Segment Start: Record set
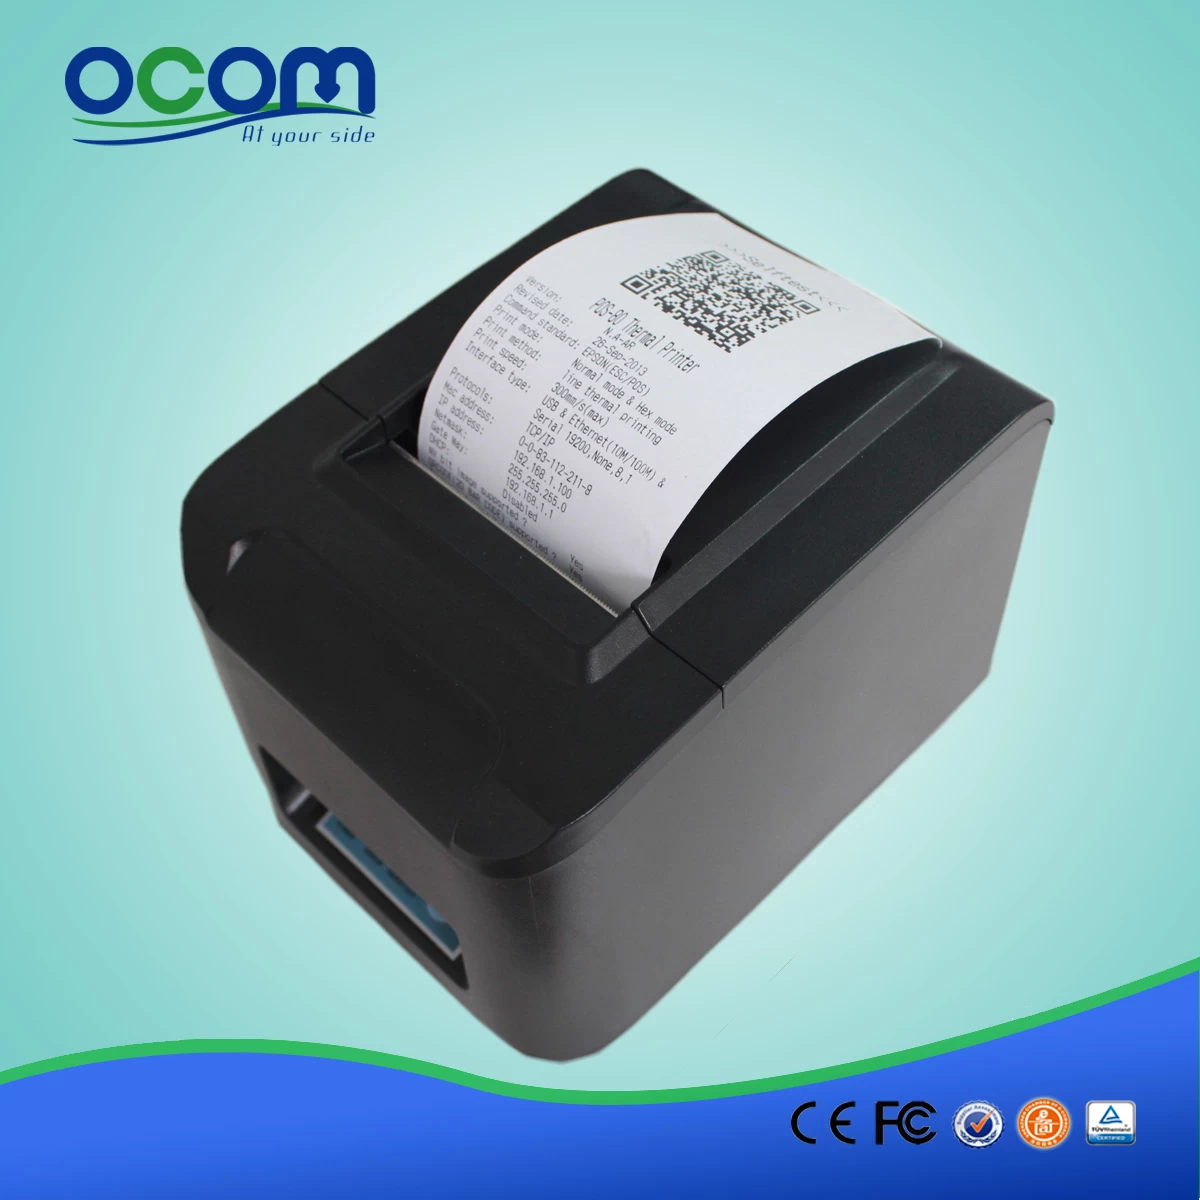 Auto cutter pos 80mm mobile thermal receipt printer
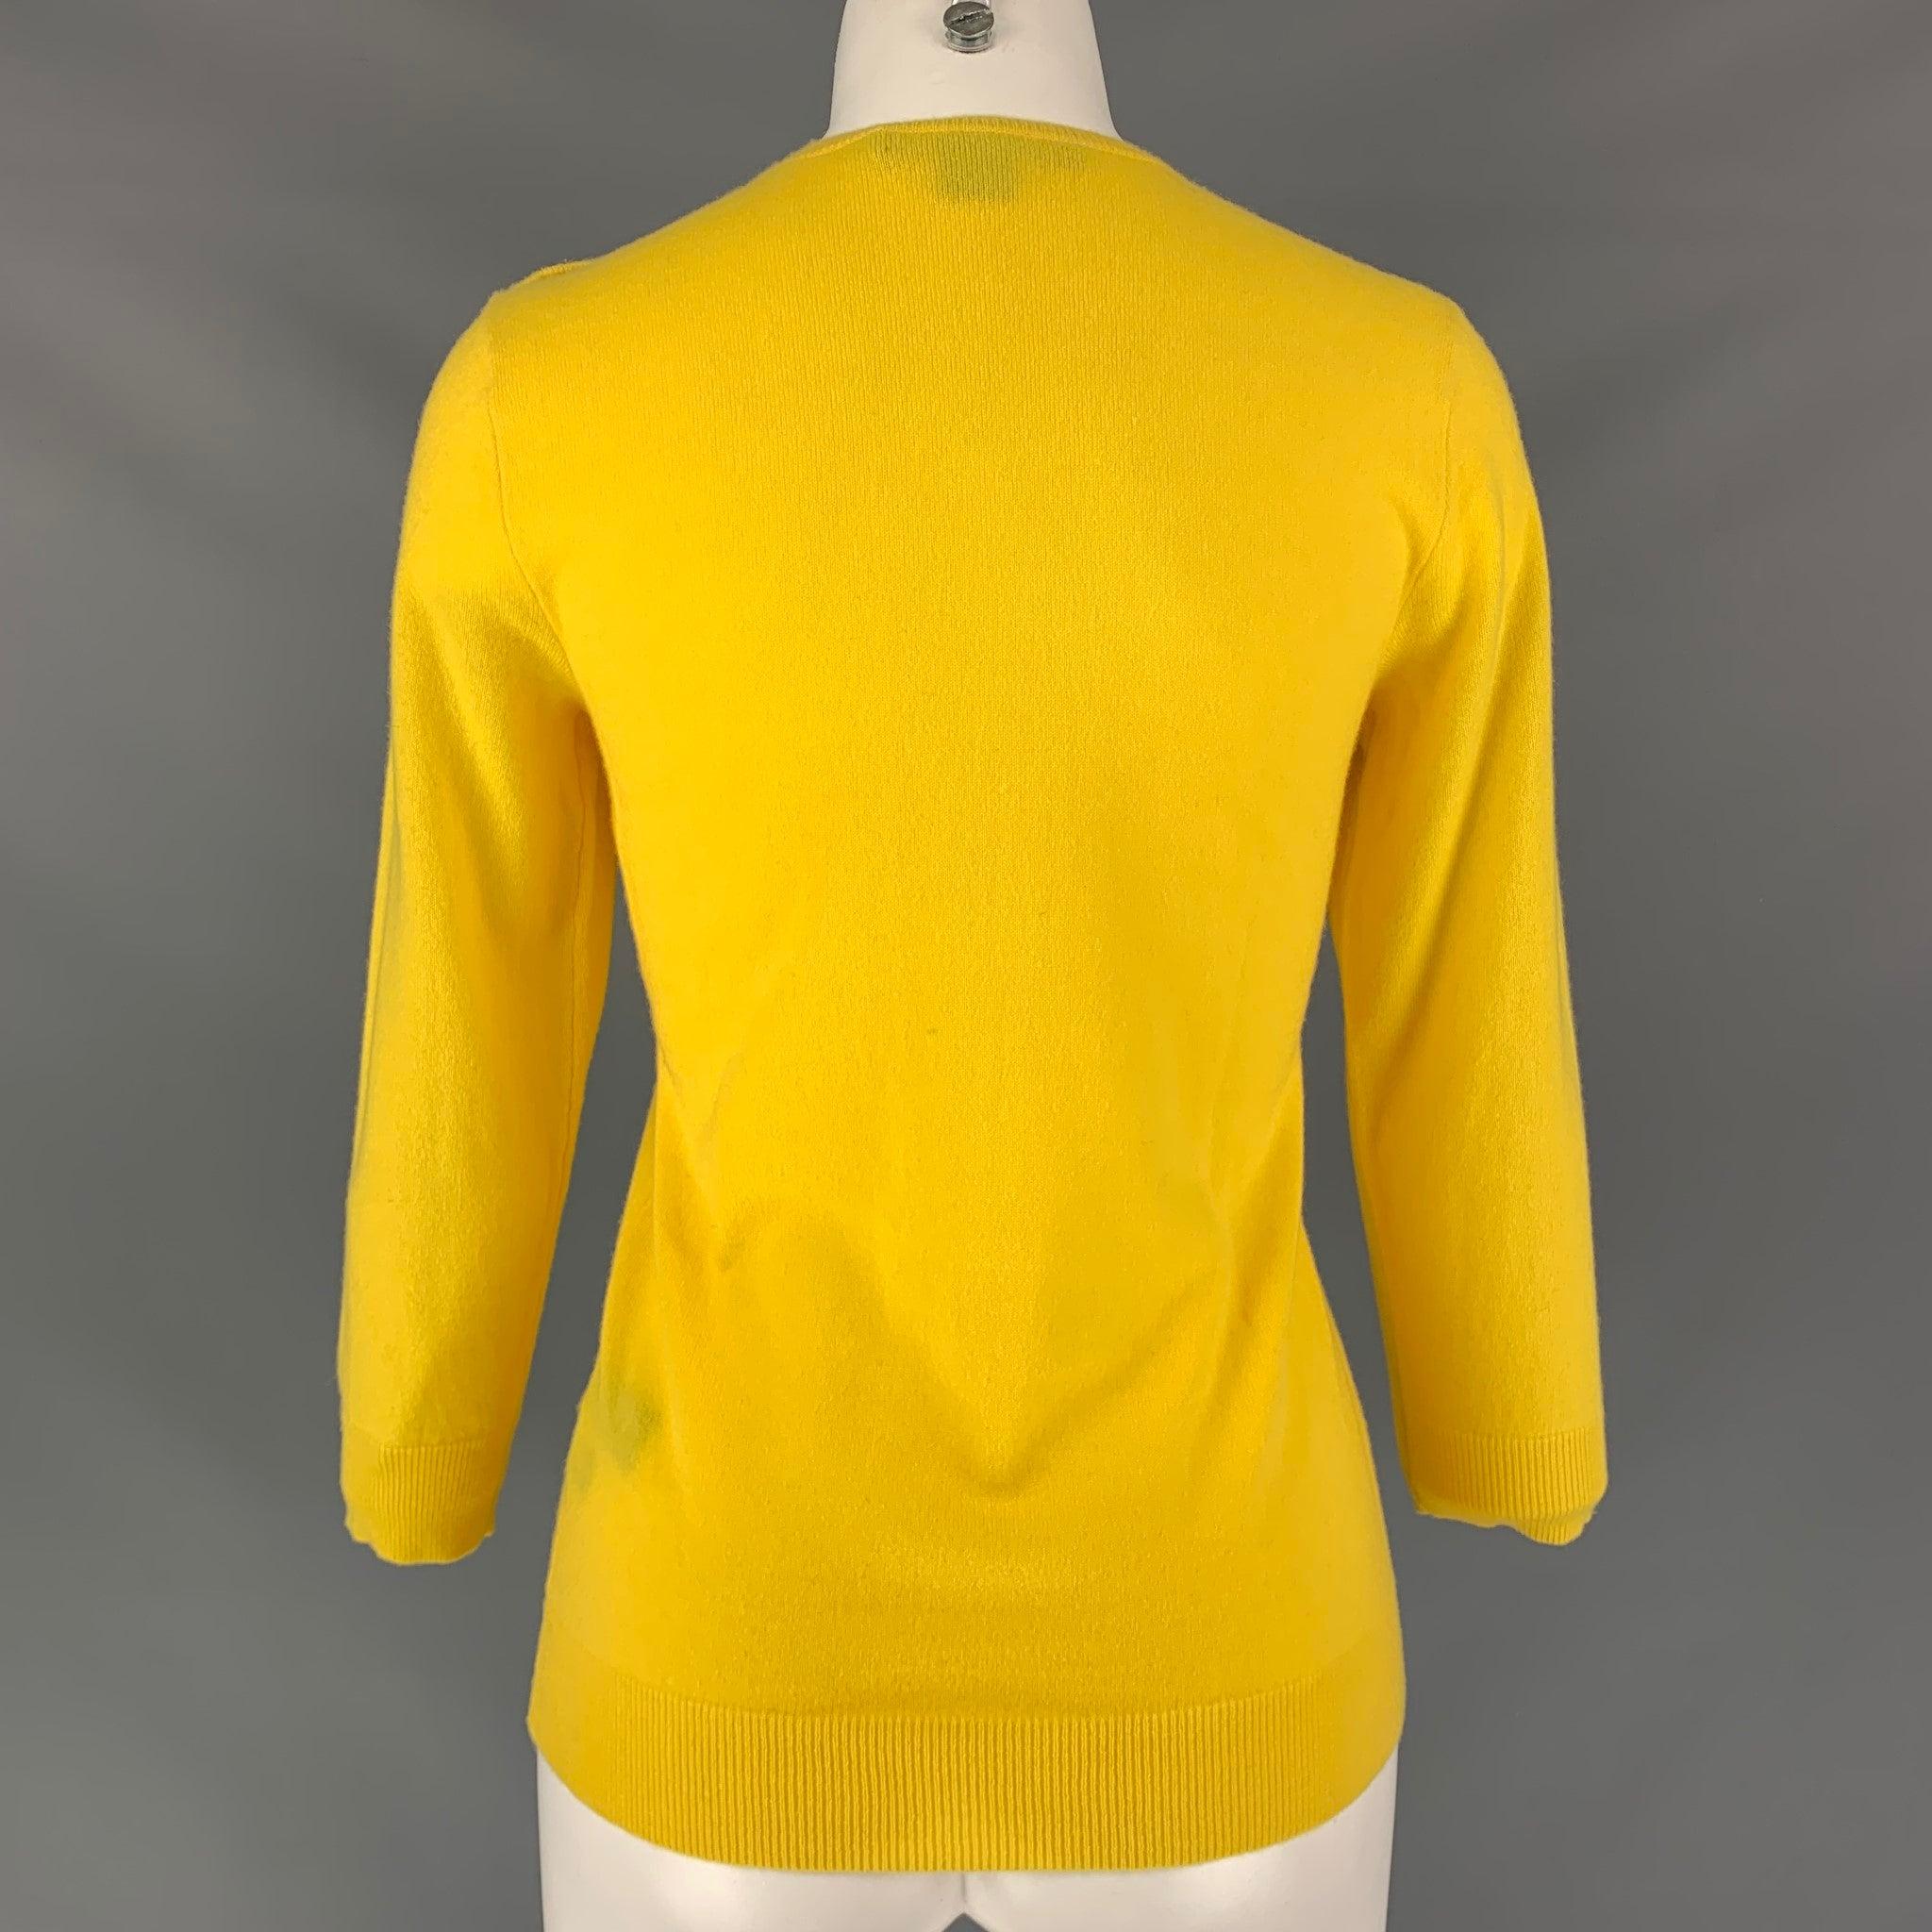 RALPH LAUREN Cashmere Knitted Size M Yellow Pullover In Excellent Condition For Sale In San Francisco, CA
Segment End: Record set
Segment Start: Record set
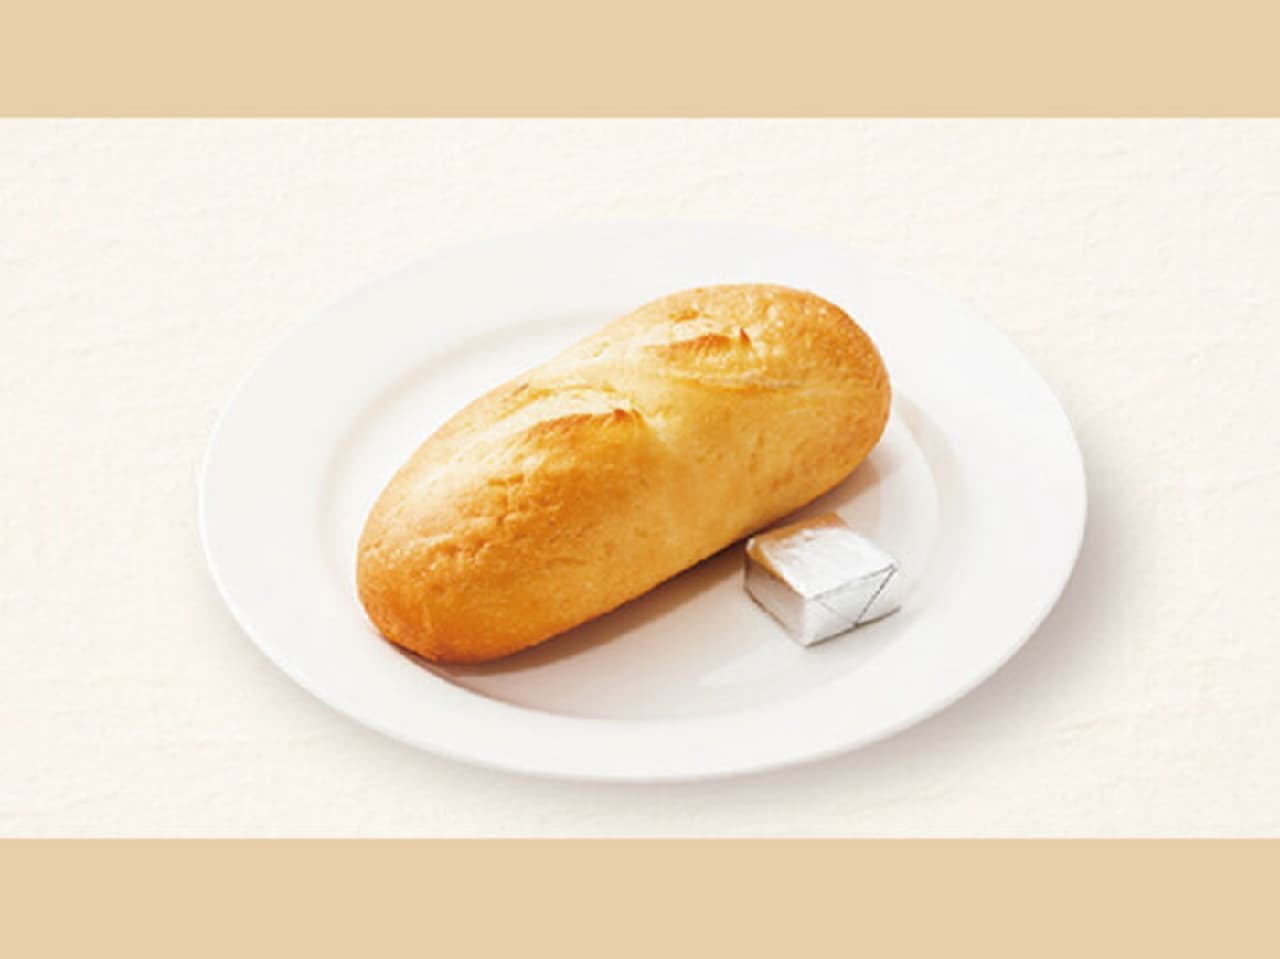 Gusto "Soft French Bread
Segment End: Record set
* Task details *
From the material above, reproduce only what runs from the line holding "Auto cutter pos" down to the line holding "RALPH LAUREN Cashmere", both included, pictures excluded.

* Answer section *
 Auto cutter pos 80mm mobile thermal receipt printer
 RALPH LAUREN Cashmere Knitted Size M Yellow Pullover In Excellent Condition For Sale In San Francisco, CA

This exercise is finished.